About the job
About the Team
At OpenAI, our Core Services team plays a pivotal role in constructing and managing the essential online services that our product teams depend on for production. We specialize in foundational distributed systems and platform capabilities that ensure reliable execution, deliver high-performance services, and address large-scale data/file needs across our diverse product suite. Unlike developer and data infrastructure, our focus is on establishing robust production service foundations and core runtime services.
About the Role
We are seeking an Engineering Manager for our Core Services division. In this leadership position, you will guide teams responsible for designing and maintaining reliable, high-scale distributed systems that are vital for OpenAI’s product ecosystem. Your team will oversee the foundational production systems that serve as the backbone for our product engineering initiatives. You’ll work closely with product and infrastructure partners to expedite the delivery of dependable services and facilitate the scaling of both systems and teams as OpenAI continues to grow. Collaborating with senior engineering leaders, you will help evolve organizational structures, enhance operational processes, and spearhead significant platform initiatives. A strong technical background is essential for success in this role.
Your Responsibilities Include:
Leading and nurturing a high-performing team of infrastructure engineers.

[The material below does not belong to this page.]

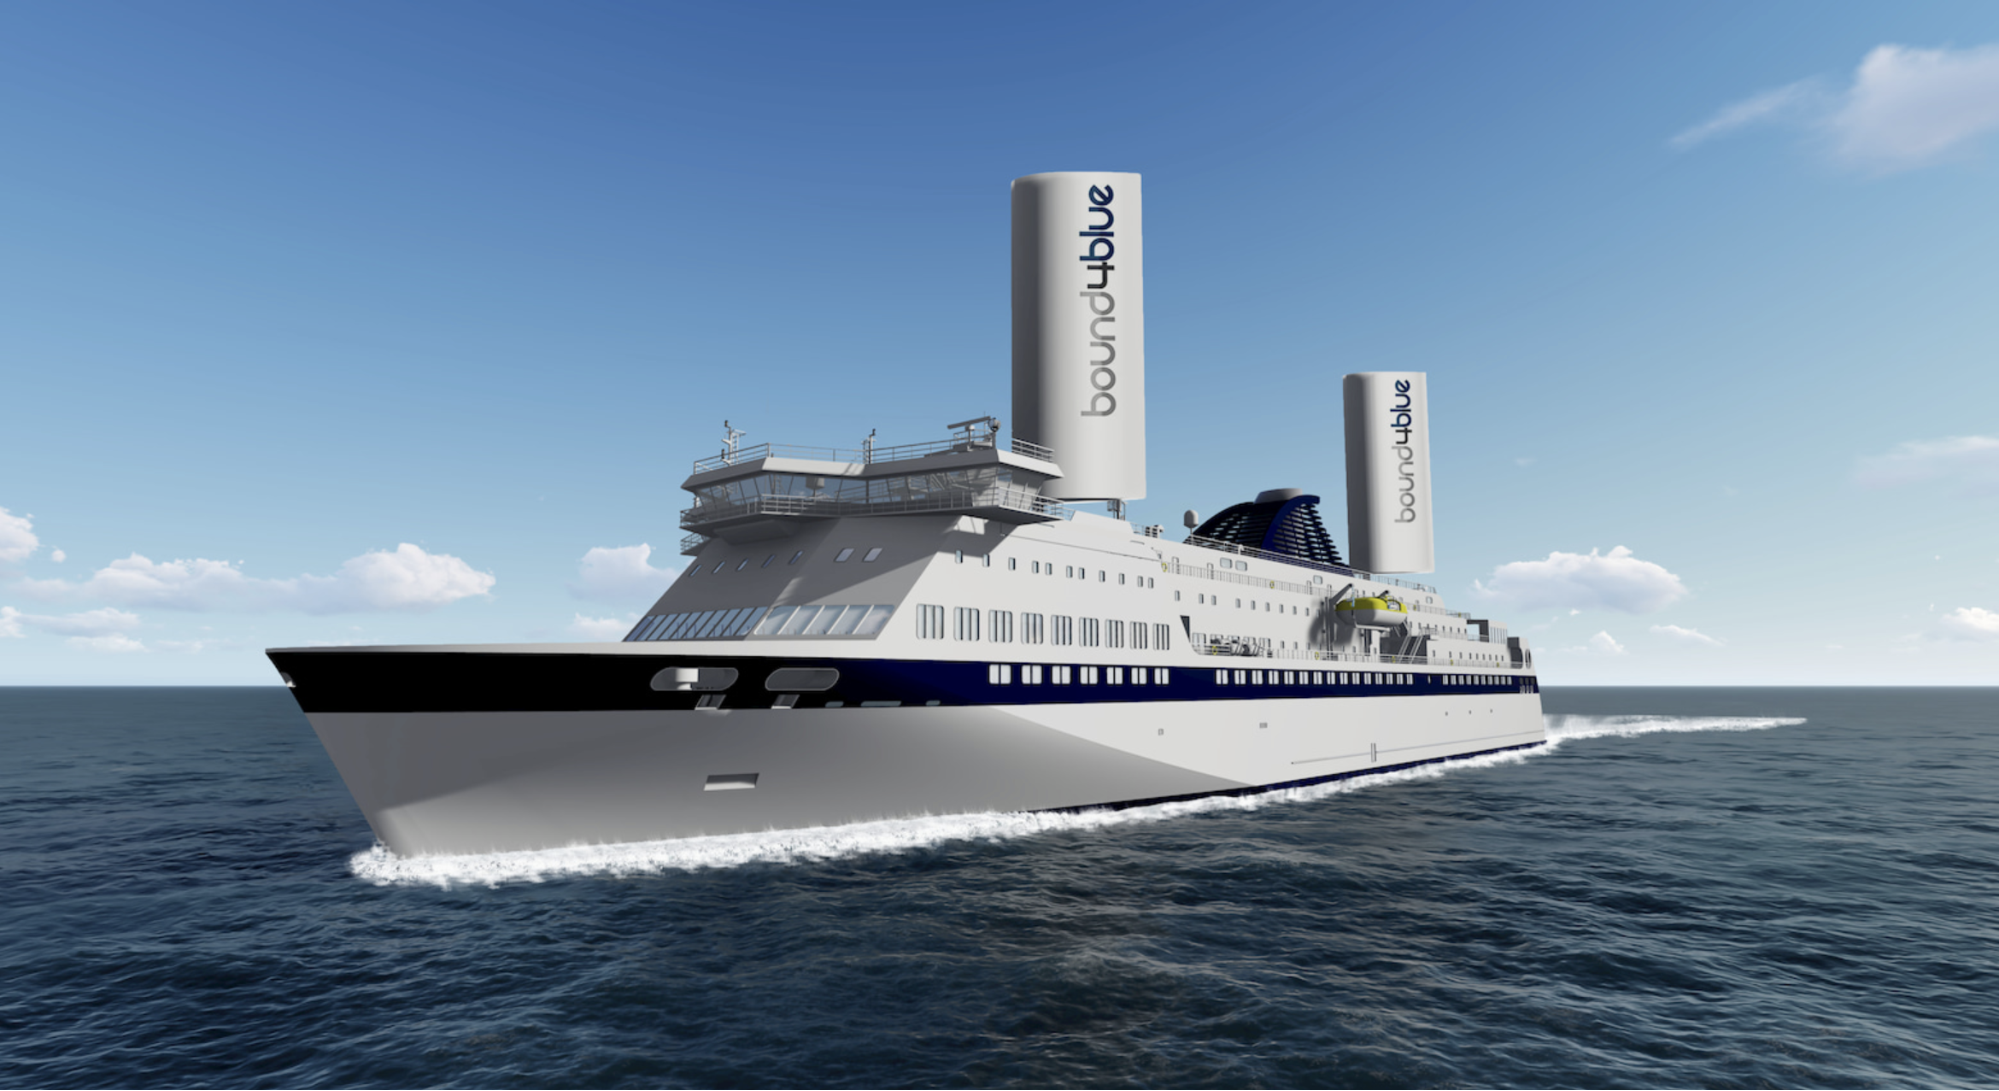 Bound4Blue will fit its first wingsail onto a vessel in 2020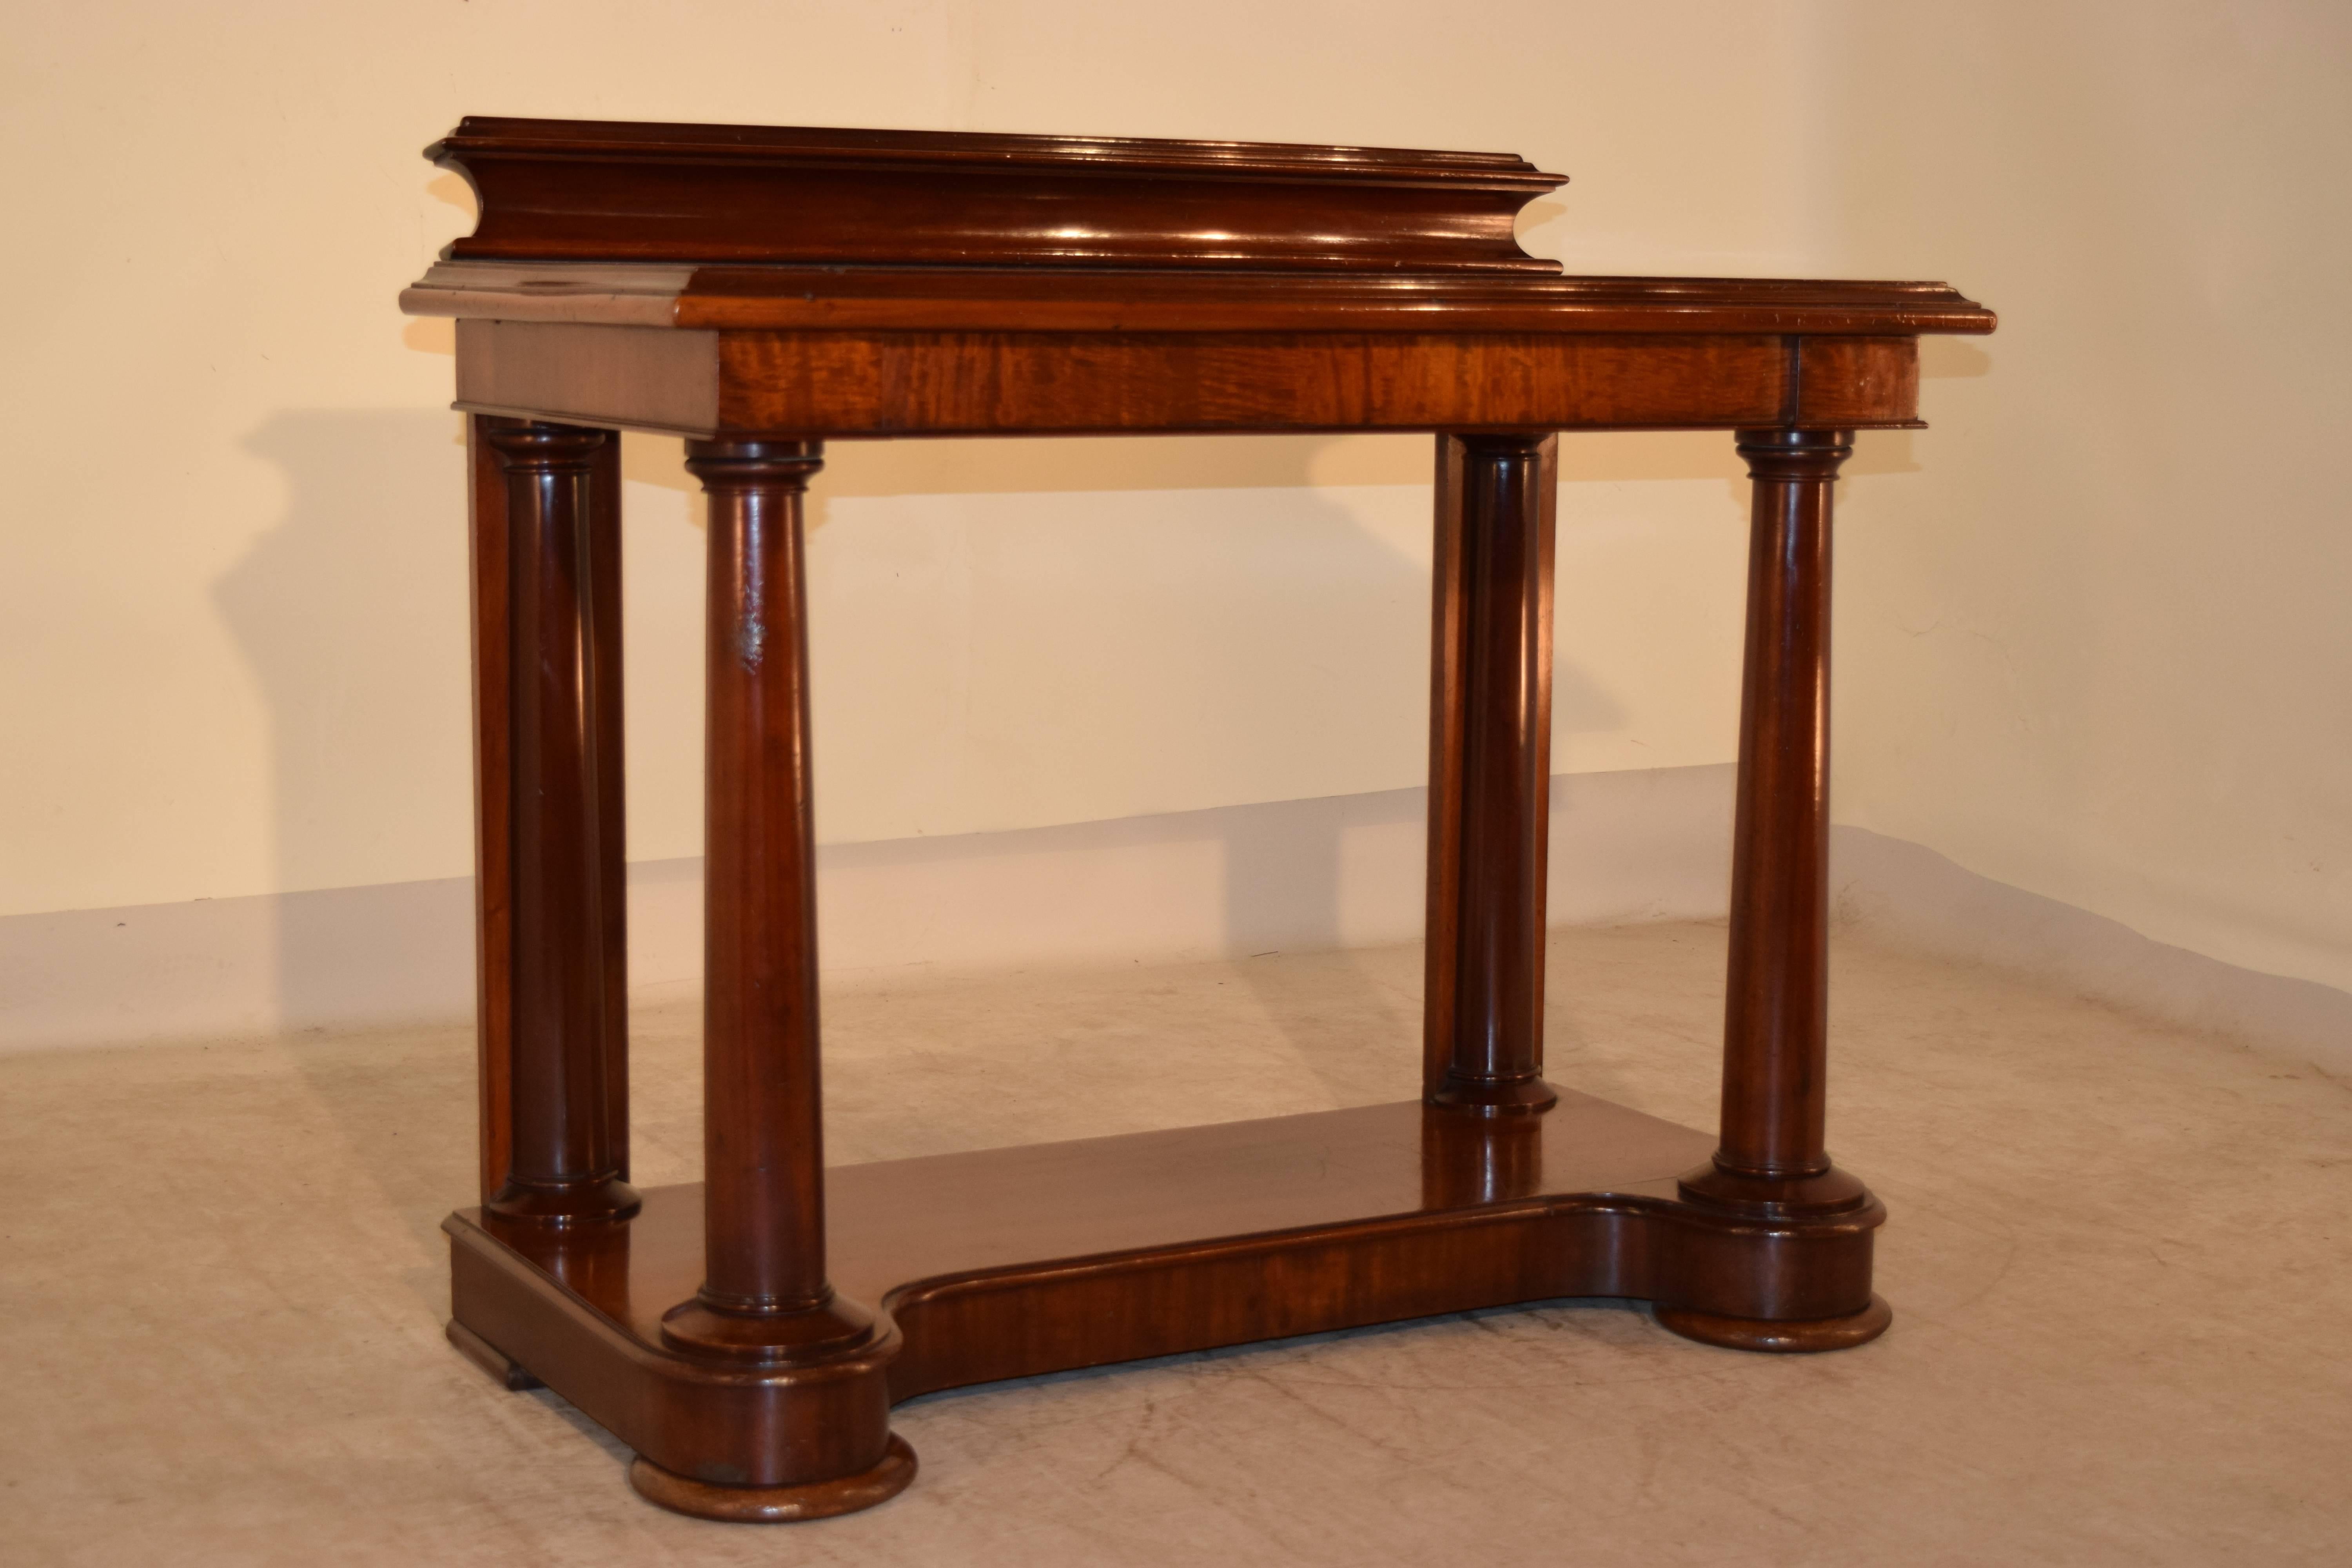 19th century English mahogany console table with a lovely molded backsplash over a gorgeous top with a molded edge and a single drawer in the apron. The piece is supported on hand-turned columns in the front and flat back legs with applied half

Overseeing teams that build and manage critical production platforms with a focus on cluster reliability, scalability, and rollout safety.
Developing and operating mission-critical distributed systems with a strong emphasis on operational excellence (SLOs, incident response, capacity planning, reliability).
Defining technical direction for foundational platforms, including workflow/orchestration capabilities, large-scale storage solutions, and core service infrastructures.
Collaborating with a wide range of stakeholders, including product engineering teams, adjacent infrastructure teams, and finance/cost partners as necessary.
Mentoring and developing engineers and aspiring leaders within the organization.
You Will Excel in This Role If You:
Possess extensive experience leading teams that manage mission-critical infrastructure in production environments.
Have a proven track record in operating mission-critical services or building core distributed systems.
Have experience in developing platform-like systems (e.g., orchestration/workflow execution, service platforms) and/or large-scale storage solutions.
Are adept at building systems that enhance operational efficiencies and reliability.